How to reduce dimensions (sum/min/any/all)
==========================================

After elementwise functions, dimension-reducer functions are the most commonly used. These functions replace a list of numbers with a single, scalar number by adding, multiplying, minimizing, maximizing, or performing logical-or ("any") or logical-and ("all").

These are also called aggregation functions; in relational databases, SQL, and data-frames, aggregations are applied after a "group by" operation. Awkward Array doesn't have "group by" operations; lists are already grouped.

```{code-cell} ipython3
import awkward as ak
import numpy as np
```

## First reducer: `ak.sum`

To illustrate all of these functions, let's consider addition. Given an array:

```{code-cell} ipython3
array = ak.Array([[1, 2, 3], [4, 5], [], [6]])
```

{func}`ak.sum` with no arguments adds all of the values in the nested lists, just like `np.sum`.

```{code-cell} ipython3
ak.sum(array)
```

With Awkward Arrays, it's usually more useful to supply an `axis` argument to reduce one dimension, rather than all dimensions.

For reasons that will be explained below, `axis=-1` is the most frequently useful.

```{code-cell} ipython3
ak.sum(array, axis=-1)
```

### The `axis` argument

Before getting deeper into the `axis` argument, let's consider a NumPy array with more dimensions.

```{code-cell} ipython3
array3d = np.array([
    [
        [    1,     2,     3,     4,     5],
        [   10,    20,    30,    40,    50],
        [  100,   200,   300,   400,   500],
    ],
    [
        [0.1  , 0.2  , 0.3  , 0.4  , 0.5  ],
        [0.01 , 0.02 , 0.03 , 0.04 , 0.05 ],
        [0.001, 0.002, 0.003, 0.004, 0.005],
    ],
])

with np.printoptions(suppress=True):
    print(array3d)
```

This array has 3 dimensions, so in addition to `axis=None` (reduce everything to a scalar), there are 3 possible axis values.

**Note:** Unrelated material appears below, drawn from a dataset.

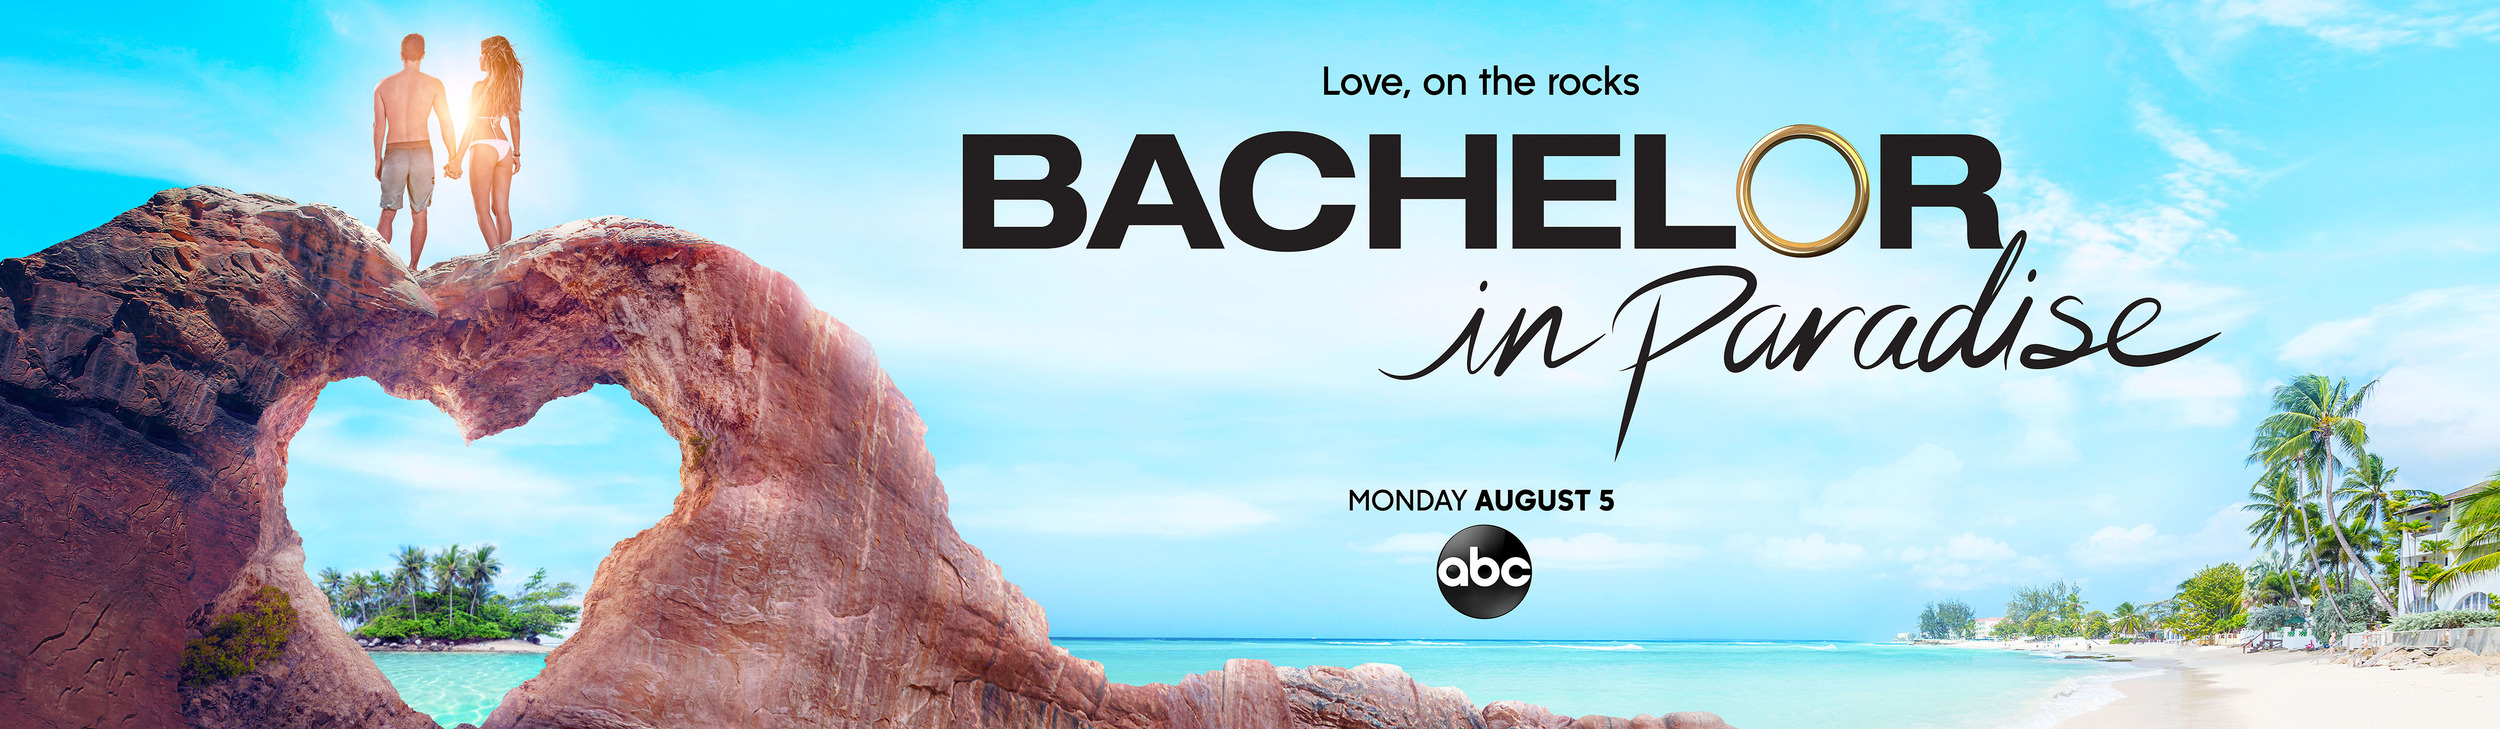 Mega Sized TV Poster Image for Bachelor in Paradise (#2 of 6)

The first case, `axis=0`, adds the first 3×5 block to the second 3×5 block, i.e. summing over the first (length-2) dimension. Thus, the `1` is added to `0.1`, the `2` is added to `0.2`, and so on until the `500` is added to `0.005`.

```{code-cell} ipython3
with np.printoptions(suppress=True):
    print(np.sum(array3d, axis=0))
```

The second case, `axis=1`, adds vertically within each 3×5 block, i.e. summing over the second (length-3) dimension. What's left are two lists of length 5.

```{code-cell} ipython3
with np.printoptions(suppress=True):
    print(np.sum(array3d, axis=1))
```

The third case, `axis=2`, adds horizontally within each 3×5 block, i.e. summing over the third (length-5) dimension. What's left are two lists of length 3.

```{code-cell} ipython3
with np.printoptions(suppress=True):
    print(np.sum(array3d, axis=2))
```

Since negative `axis` counts from the other end of the scale,

* `axis=0` is equivalent to `axis=-3`
* `axis=1` is equivalent to `axis=-2`
* `axis=2` is equivalent to `axis=-1`.

### The `axis` argument with ragged lists

Awkward Arrays allow the lengths of lists in an array to differ, so we can have

```{code-cell} ipython3
array_ragged = ak.Array([
    [  1,   2,   3     ],
    [ 10,  20          ],
    [100, 200, 300, 400],
])
array_ragged
```

As before, `axis=-1` sums over the innermost lists, replacing each of the 3 horizontal rows with a sum.

```{code-cell} ipython3
ak.sum(array_ragged, axis=-1)
```

And `axis=-2` sums vertically, replacing each of the 4 vertical columns with a sum. Since the list lengths differ, some of the places we might expect to see a value is an empty gap—it contributes nothing to the result.

```{code-cell} ipython3
ak.sum(array_ragged, axis=0)
```

We also have to choose a convention: should the values be left-aligned or right-aligned within their lists? Awkward Array choses left-aligned.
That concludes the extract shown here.